Currently enjoying the light airport novel by Maxine Berg: The Machinery Question and the Making of Political Economy 1815 - 1848. It includes this marvellous illustration by Burnett from 1826 to be hung in every Mechanics Institute in the land. It shows the King in the middle and spirals out through fifteen layers of revolution with the paupers in the workhouse at its tail: "the best informed and the most industrious will always, in their exertion to get forward, thrust out the more ignorant in the rear". Like an aspirational colon. Should be made into an app for for Art Facts. Nominations please for who's in the middle and who's left in a blue pastic doggy bag in a roadside hedge.
This week travels bring me to a wintery (-12C) Breugelish Hildersheim in the middle of Germany to meet up Charles Esche and his team from the Van Abbe Museum and Prof.
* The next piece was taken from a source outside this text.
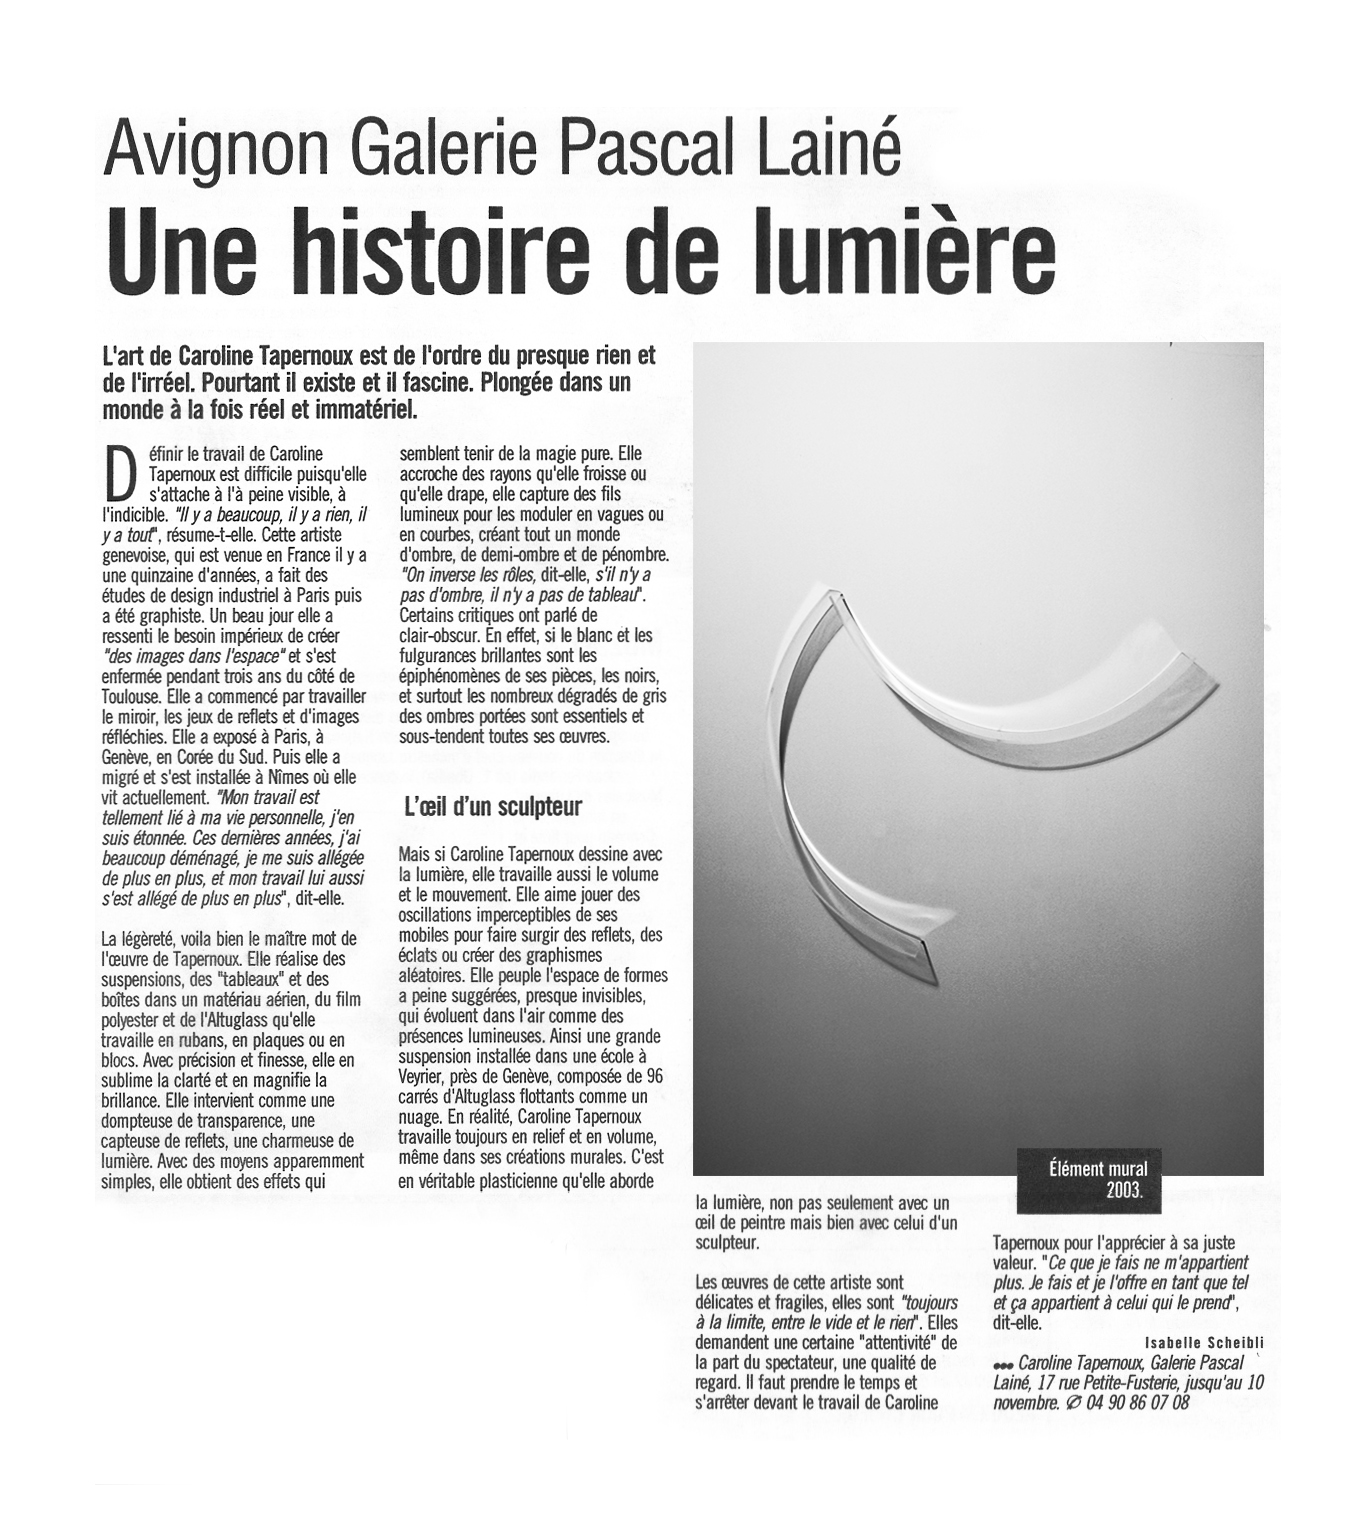 Galerie Pascal Lainé (Presse)

Thomas Lange of the University to discuss 1848, the usage of art, agriculture, the Zombie of modernism, cluelessness and edutainment (that word has, worryingly no spell check alert), among other things we are plotting to crowbar into an exhibition to change the world, or at least change how we see it .
The art school here is like the Mercedes version of Lawson Park’s Vauxhall Chevette. The arts school is built around a gargantuan 13th century mega farm-cum-fortress, surrounded by the most fertile soil in Germany. It’s very notable as you travel through this country by train that, in contrast to the UK, this is a land dedicated to productivity. Trackside in England reveals and a parade of retail hanger parks, malls, industrial wastelands, leisurelands and factories converted to go-kart tracks; a country given over to consumption. In Germany everyone seems to be at work, factory chimneys have smoke coming from them, the countryside is heavily farmed, not set aside and an engineering aesthetic pervades all, even at the Choco Leibniz factory.
Back at the art school we go to the student cafeteria which serves homemade café und kuchen. In fact it trumps pretty much any restaurant the Lake District has to offer and I gaze down at my 90 degree slice of subsidised patisserie and remember less fondly the Ginsters and scalding milky tea of the Goldsmiths’ refectory. But this is interrupted by a request from an art history student who is doing her thesis, startlingly, on Grizedale Arts and has heard that I am in town. “Are you sure?” I say. Apparently this website is read avidly in Europe, so we’d better get our act together. This is subsequently confirmed by Grizedale alumni and current Hildersheim artist professor Antje Schiffers who complains that we need to maintain the joke count on the site. Although, she says, we might be doing that but just not in a way she finds funny.